Significant Drop in the Test Execution on BlazeMeter on August 13, 2020 - High Node CPU Usage in Multiple Identity Nodes


Article ID: 197469


Updated On:




I have seen a reduce in no. of test execution and also not able to login for 30 min from 7.15 PM – 7.45 PM IST, we had seen a similar issue this morning as well.
Now the test executions are back normal.
Can you please let me know what is the issue?



Incident details with time: 

  1. 08/13/2020 10:26PM PDT to 10:56PM PDT => 5 incidents were triggered for high node CPU usage in multiple Identity nodes: sev-1
  2. 08/13/2020 10:42PM PDT => 1 incident triggered for drop in API TPS: sev-1

Problem symptoms:

  1. Observed “OperationalError: (psycopg2.OperationalError) ERROR: no such user: xxxxxxxx” exception in Identity service
  2. Observed “health-check” failures in Identity service due to the above 1) error
  3. Observed Identity POD CPU spikes and random restarts, and dependent services including API were failing to connect to Identity and this caused disruption in API traffic inflow.
  4. Observed drops in TPS for API

How we came to know about the problem:

  1. Runscope monitoring system detected identity service POD restarts and triggered a sev-2 slack notification
  2. Runscope monitoring system detected identity service POD high CPU usage (> 70%) and triggered a sev-2 slack notification
  3. Runscope monitoring system detected identity service POD high CPU usage (> 90%) and triggered a sev-1 PagerDuty alerts (Please refer item #1 from above Incidents section for details)
  4. Runscope monitoring system detected a sev-1 breach for API traffic drop and triggered a sev-1 (Please refer item #2 from above Incidents section for details)
  5. Within a few secs after the initial sev-2 was triggered, we observed an “no such user” exception in the Identity service

Root cause of the problem

  1. The Identity POD restarting due to “health-check” failures and subsequent CPU spike alerts with the error “no such user: xxxxxx” in the identity logs while connecting to the identity DB pointed us to the DB layer for further investigation
  2. We further triaged the DB layer and found initially that the “pgbouncer” hosts were 100% on disk – We added additional disk space and quickly restarted all “pgbouncer” hosts
  3. However, the identity service POD restarts, CPU spikes, and other mentioned error conditions still continued to occur, and the issue was still with pgbouncer which was unable to connect to Postgres DB and provide pooled connections to identity service 
  4. This forced us to further investigate the pgbouncer servers and found that pgbouncer PROD auth-config was either wiped out or renamed by “rpmsave”. Which we quickly fixed by recreating/renaming the auth-config on those impacted servers.

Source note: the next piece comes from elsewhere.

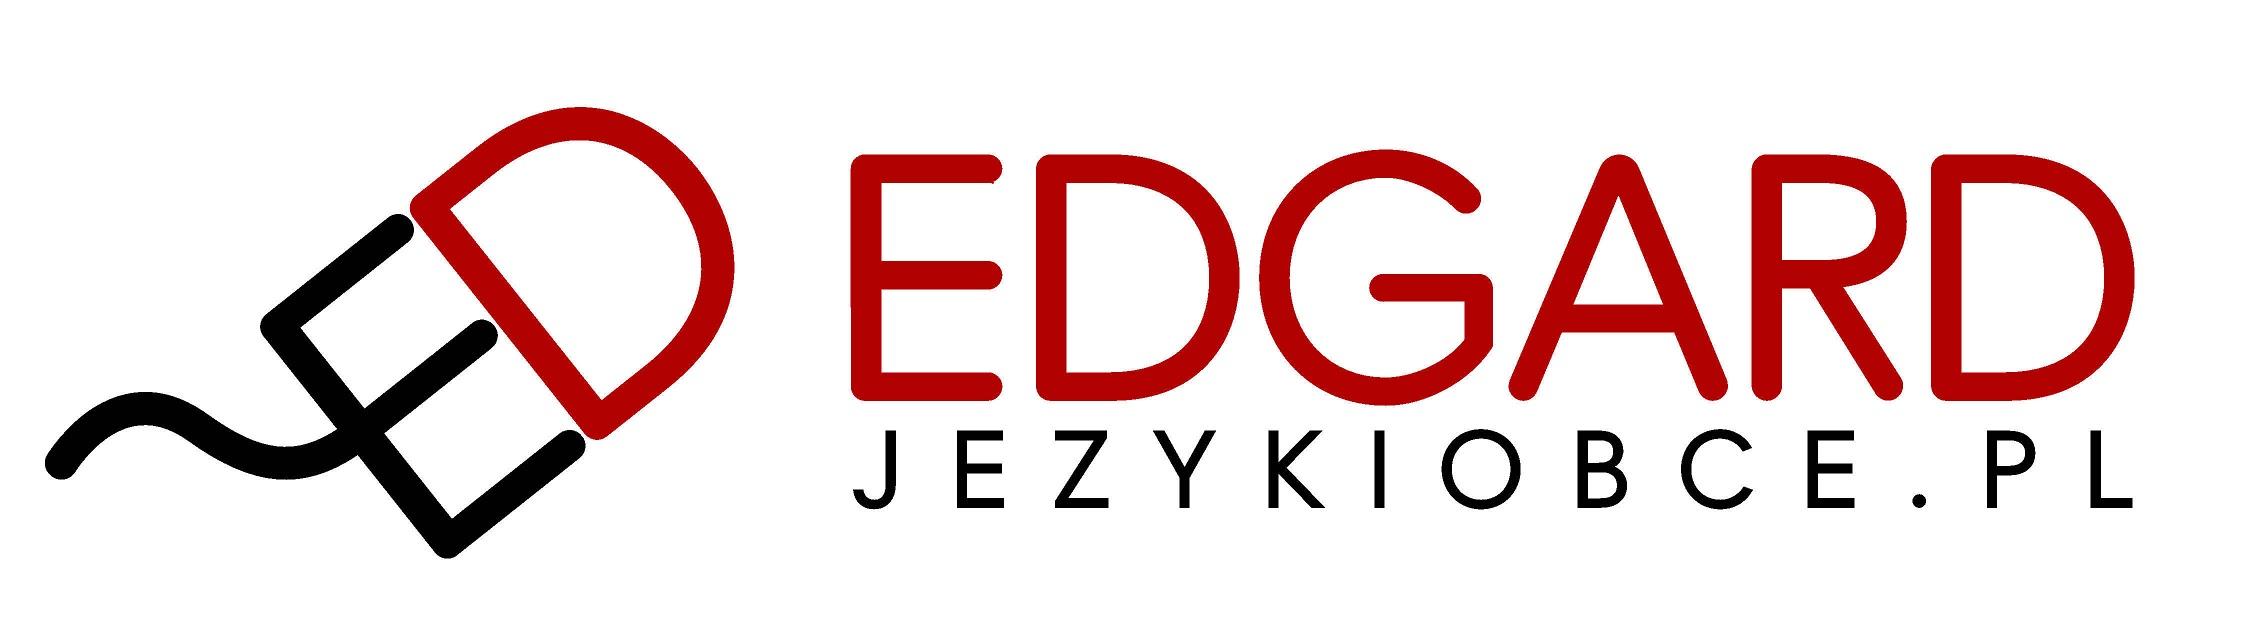 https://www.jezykiobce.pl/
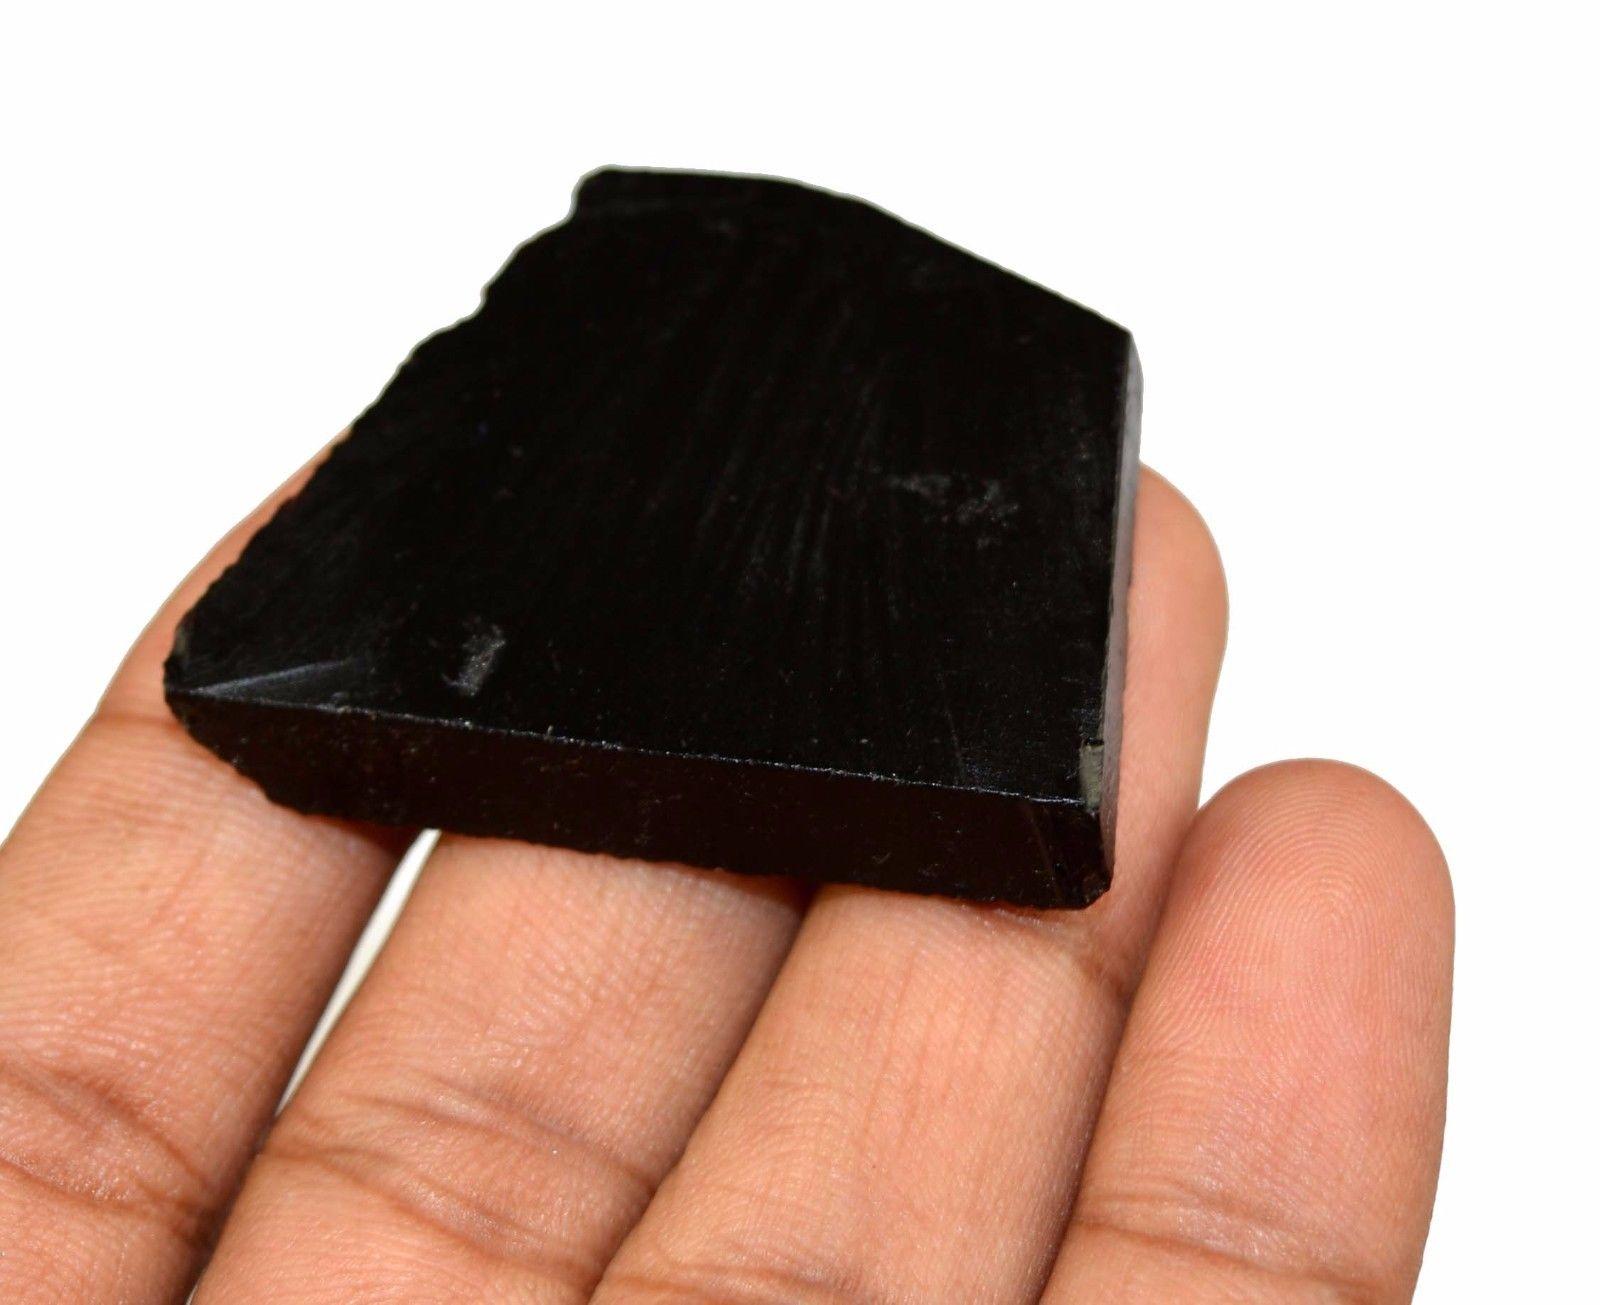 אבן חן: אוניקס שחור גלם לליטוש (ברזיל) 87 קרט

But we observed this issue recurring randomly on few of those impacted hosts. So, to avoid further widespread impact to the system, we removed those impacted pgbouncer hosts from the identity pool of pgbouncer servers list – and this brought the API traffic back to normal though the identity servers were still overloaded.
  5. This forced us to continue triaging the pgbouncer servers and found that the yum package manager auto-updated pgbouncer package and in that upgrade process it had overwritten/renamed its PROD auth config with default config template and this caused the pgbouncer unable to lookup the PROD DB user reliably from the PROD configs, hence the error and other side effects
  6. So, to fix this pgbouncer issue and bring the identity back to normal, we manually updated pgbouncer package in all the impacted hosts and restored the pgbouncer with clean PROD auth-config and this brought the identity service back to healthy state and also the other reported side effect errors were stopped 



Release : SAAS




What we are doing to avoid recurrences in the future:

  1. We added pgbouncer hosts into monitoring for disk and other regular system metrics monitoring 
  2. We disabled yum “auto-upgrade” for pgbouncer to avoid auto updates.